SUPPLIED ENTRIES ▸
══════

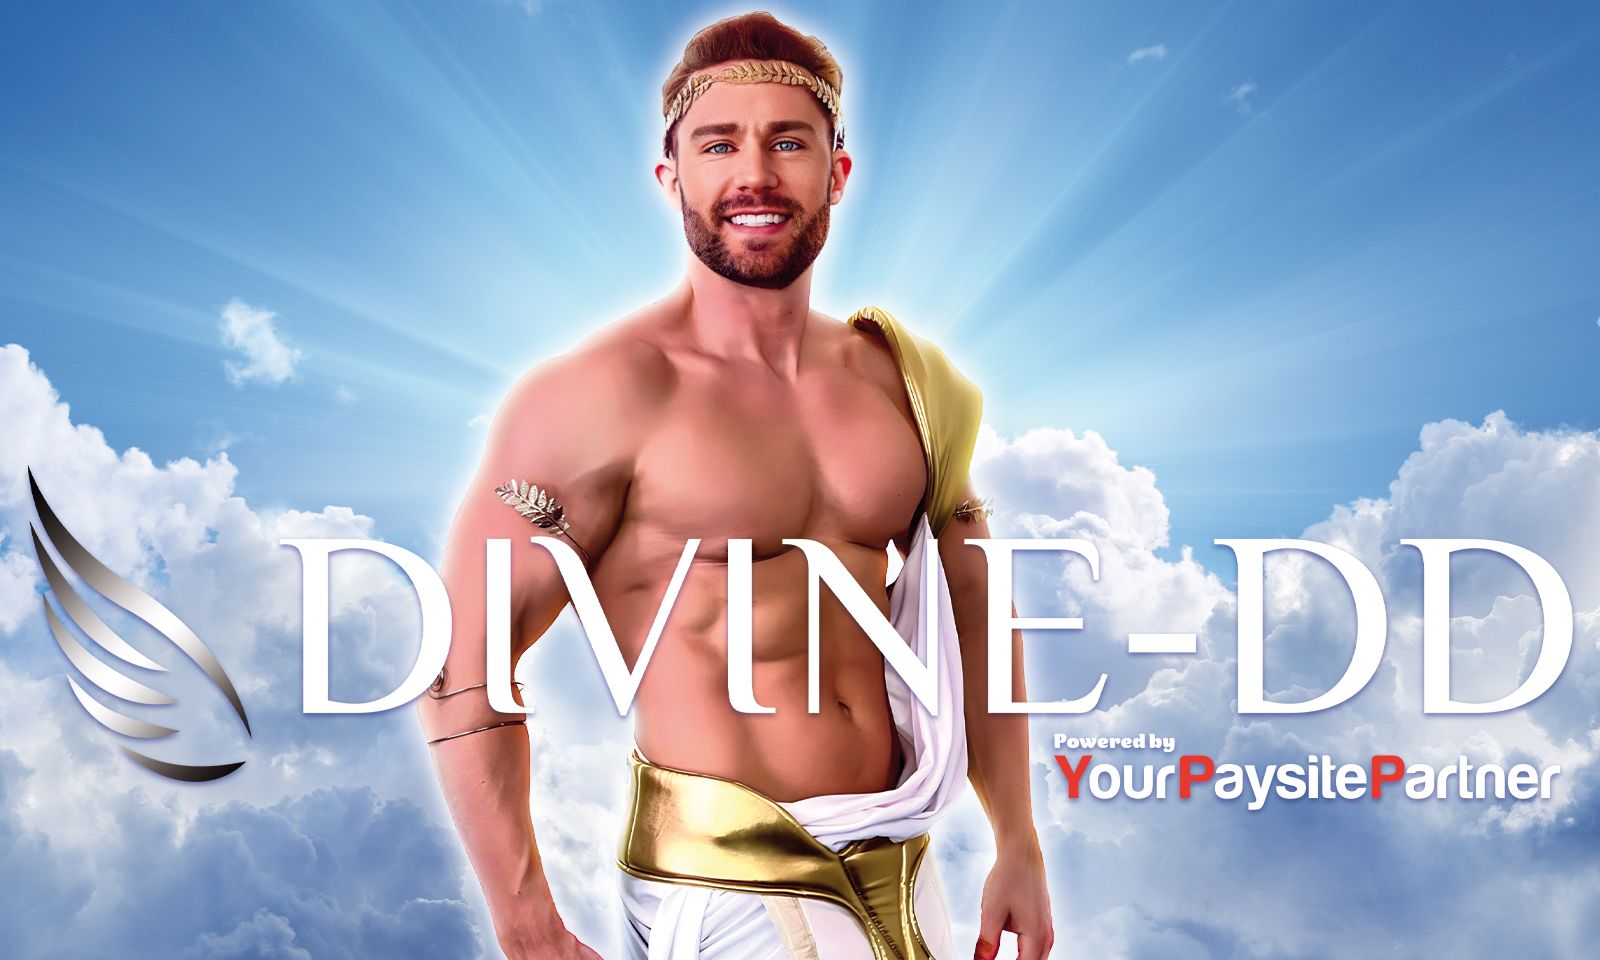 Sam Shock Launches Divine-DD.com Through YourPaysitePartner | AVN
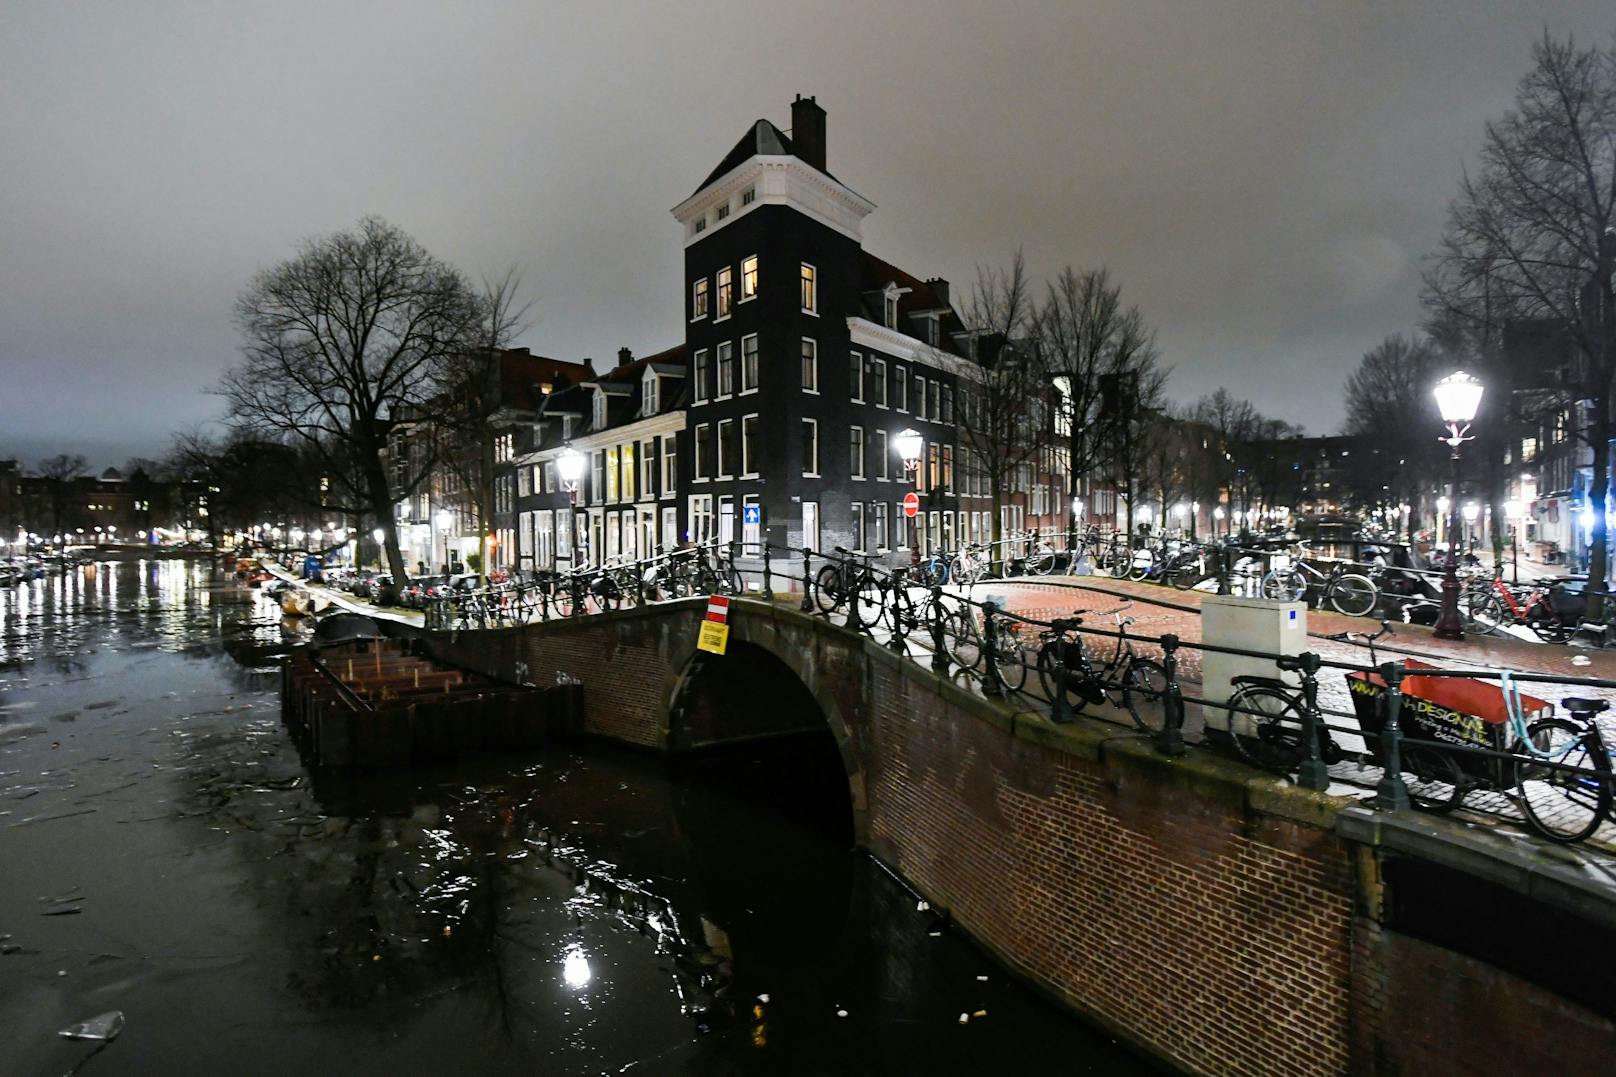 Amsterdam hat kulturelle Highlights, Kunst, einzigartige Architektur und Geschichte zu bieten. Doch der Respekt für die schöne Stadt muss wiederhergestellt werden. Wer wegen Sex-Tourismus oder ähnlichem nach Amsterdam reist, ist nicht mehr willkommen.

══════

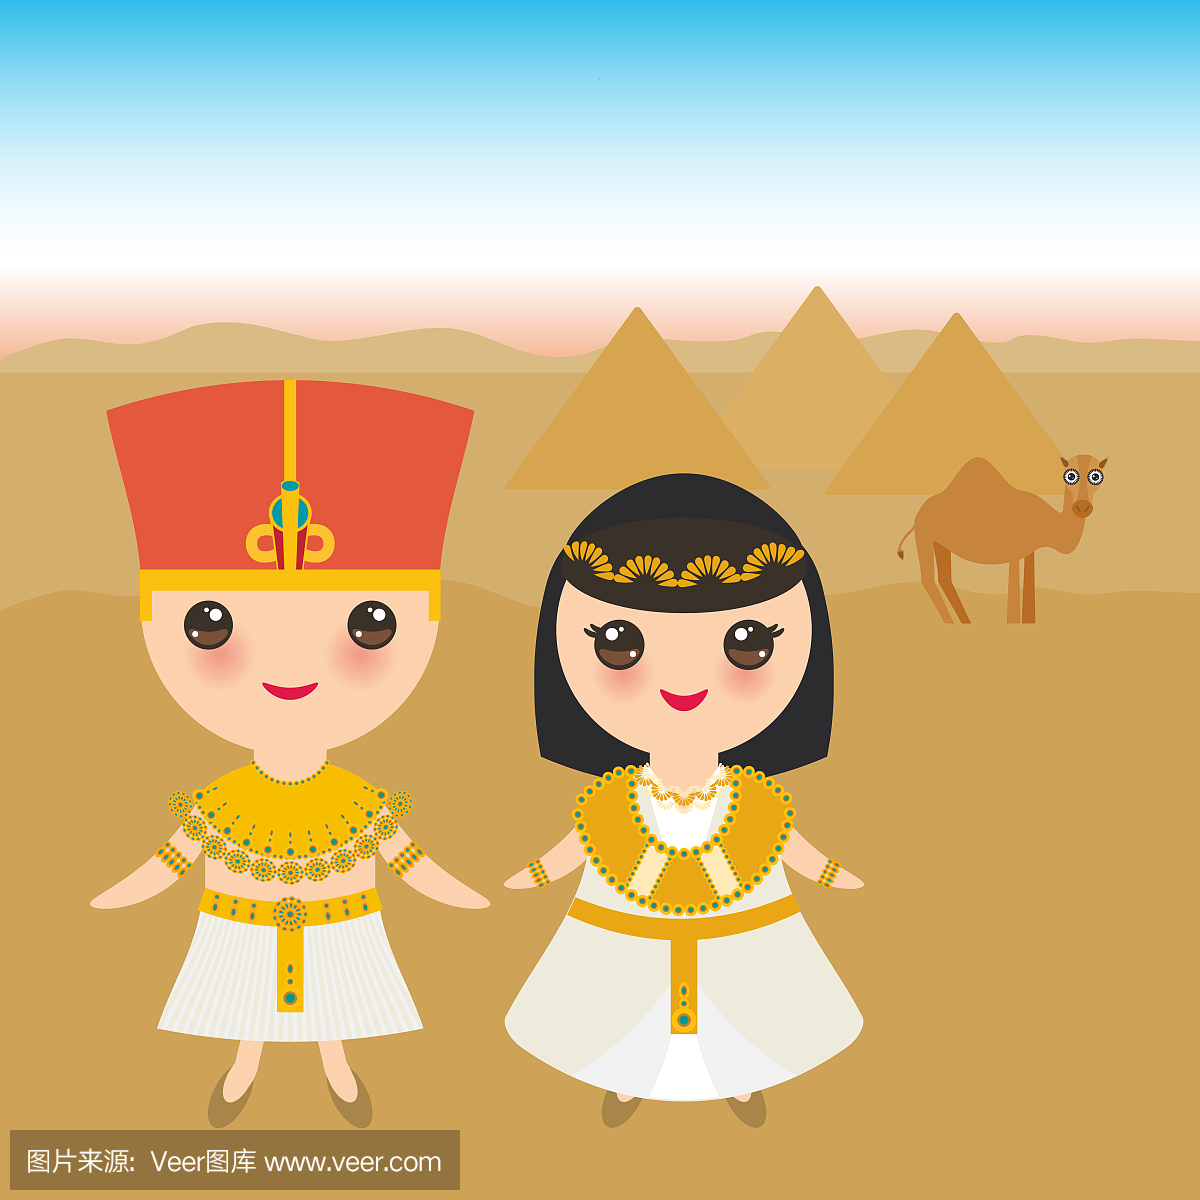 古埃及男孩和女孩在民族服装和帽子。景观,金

══════

TASK GOAL ▸
In the records above, find the line with "Sam Shock Launches" and the line with "Amsterdam hat kulturelle". Write out exactly those lines and every one between, with no pictures and no other lines.

PROBLEM SOLUTION ▸
 Sam Shock Launches Divine-DD.com Through YourPaysitePartner | AVN
 Amsterdam hat kulturelle Highlights, Kunst, einzigartige Architektur und Geschichte zu bieten. Doch der Respekt für die schöne Stadt muss wiederhergestellt werden. Wer wegen Sex-Tourismus oder ähnlichem nach Amsterdam reist, ist nicht mehr willkommen.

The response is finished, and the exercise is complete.